If you look at the two approaches at education: Traditional islamic education, and the western way, one striking difference is how for the former memorization is so heavily stressed, and in the latter it is more about learning how to process stuff.

At the end of several years of western education, one realizes that they really don't KNOW too many things, but have a very strong ability to process stuff. After a traditional islamic education, people actually know a lot of things, but often (nowadays) can't really process as much -- which, of course, wasn't always the case, eg. the formulation of usul al fiqh over a thousand years ago, and the generations that have developed it.

It's like nouns versus verbs: In arabic ALL words are nouns, verbs, or particles.

- Nouns are independent of time.
- Verbs are dependent of time.
- particles have no meaning in and of themselves (like at, in, with, of, etc).

So is knowledge primarily a matter of learning nouns -- learning how to differentiate one thing from another, or how to process things.... or is it both? They are of course both creations of Allah -- Allah has created us and all that we do.... but what is knowledge?
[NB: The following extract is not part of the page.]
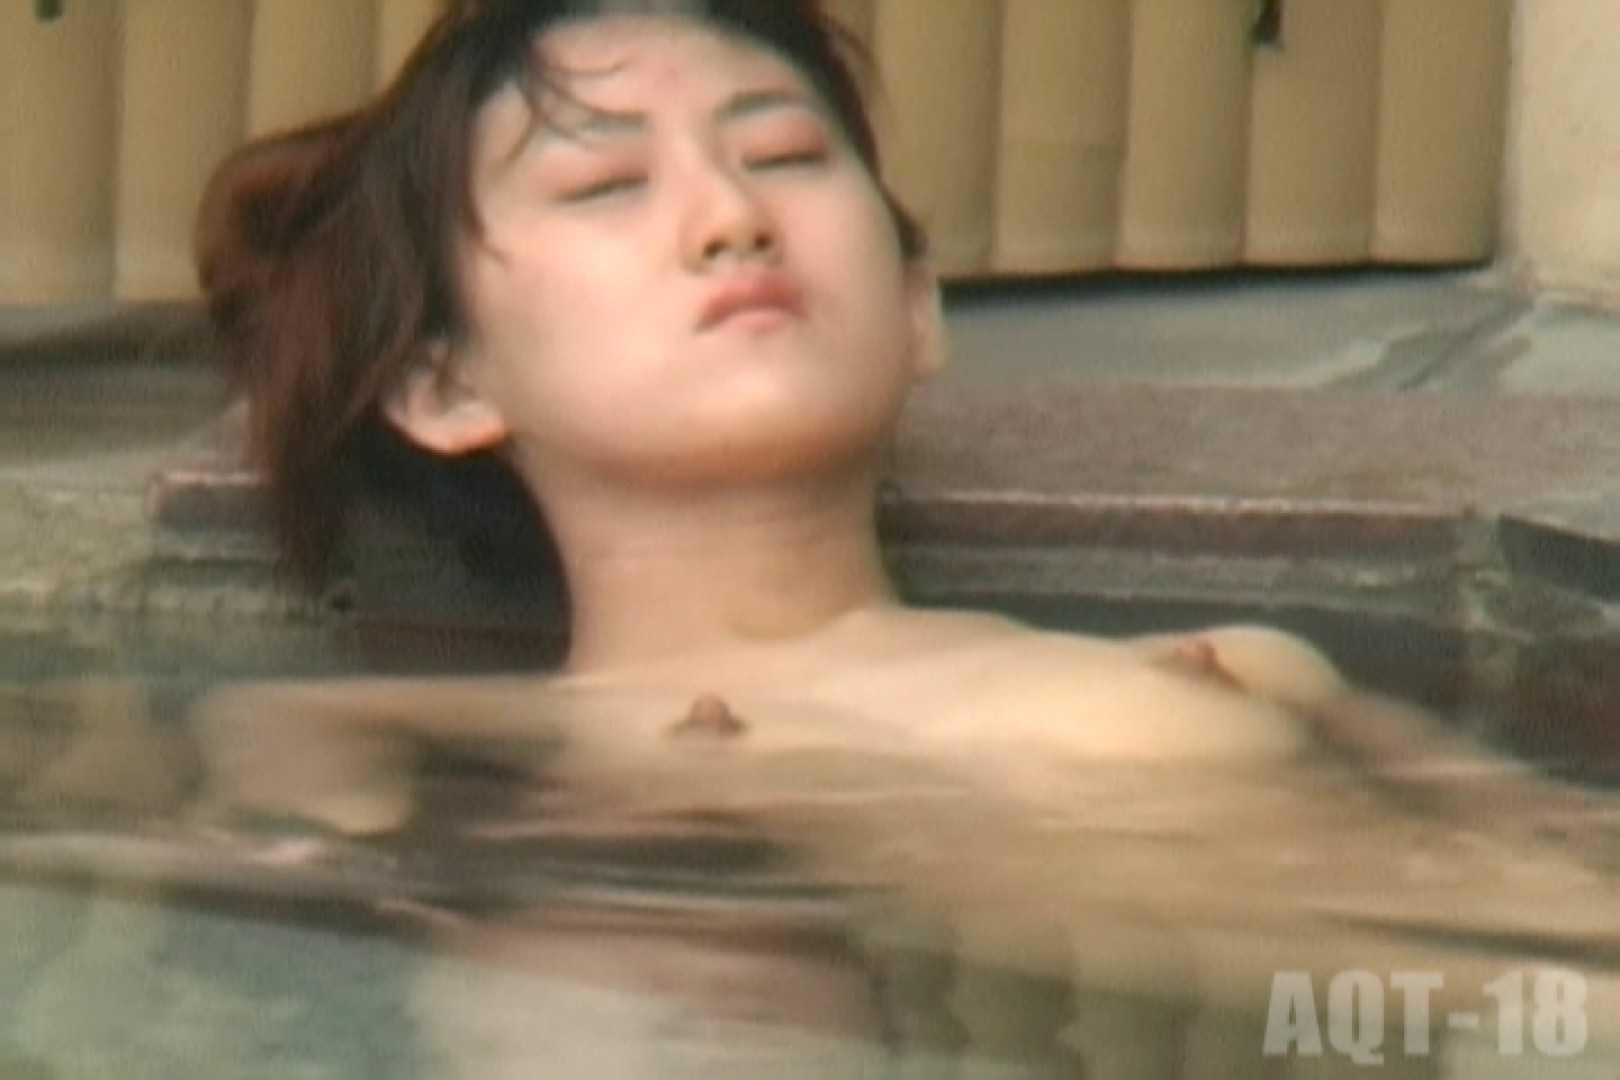 Aquaな露天風呂Vol.862 盗撮師作品  99pic 51
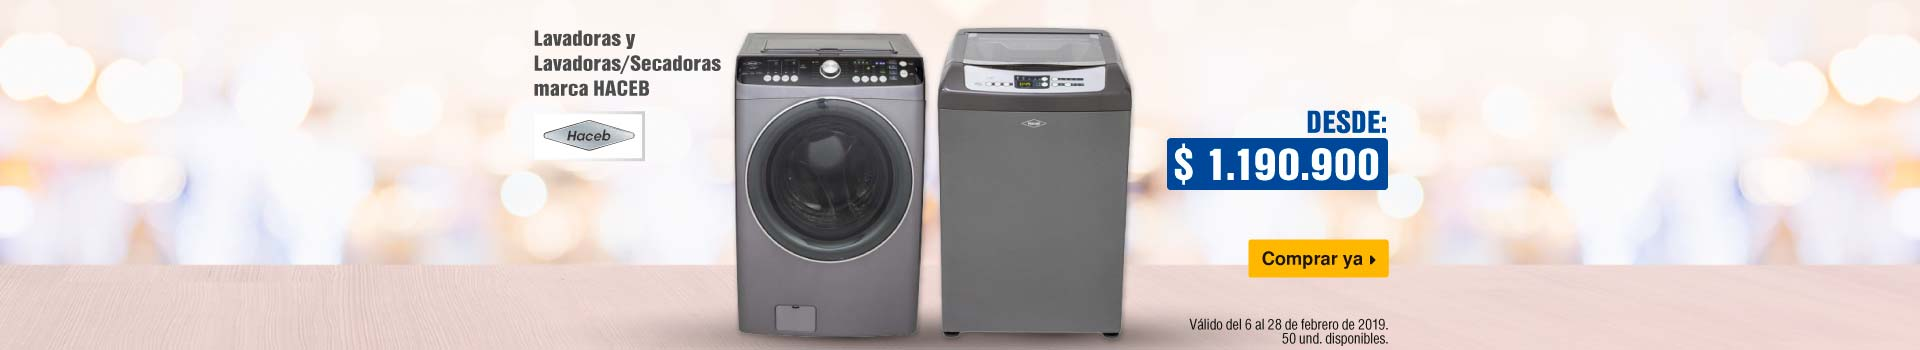 AK-KT-mayores-3-1-ELECT-BCAT-lavadoras-050219

And the idea that "Knowledge is a Light," is very interesting, because light is dual-natured: It behaves both as a wave, and as a particle. My physics book in high school described it as a "wavicle". Maybe knowledge is the same way: it is the ability to identify things, and the ability to process things. Allahu 'Alam.

I dunno why I'm sointrigued by this root. Studying the underpinnings of knowledge itself is really enjoyable..."metaknowledge" ... i probably sound kind of insane right now, haha.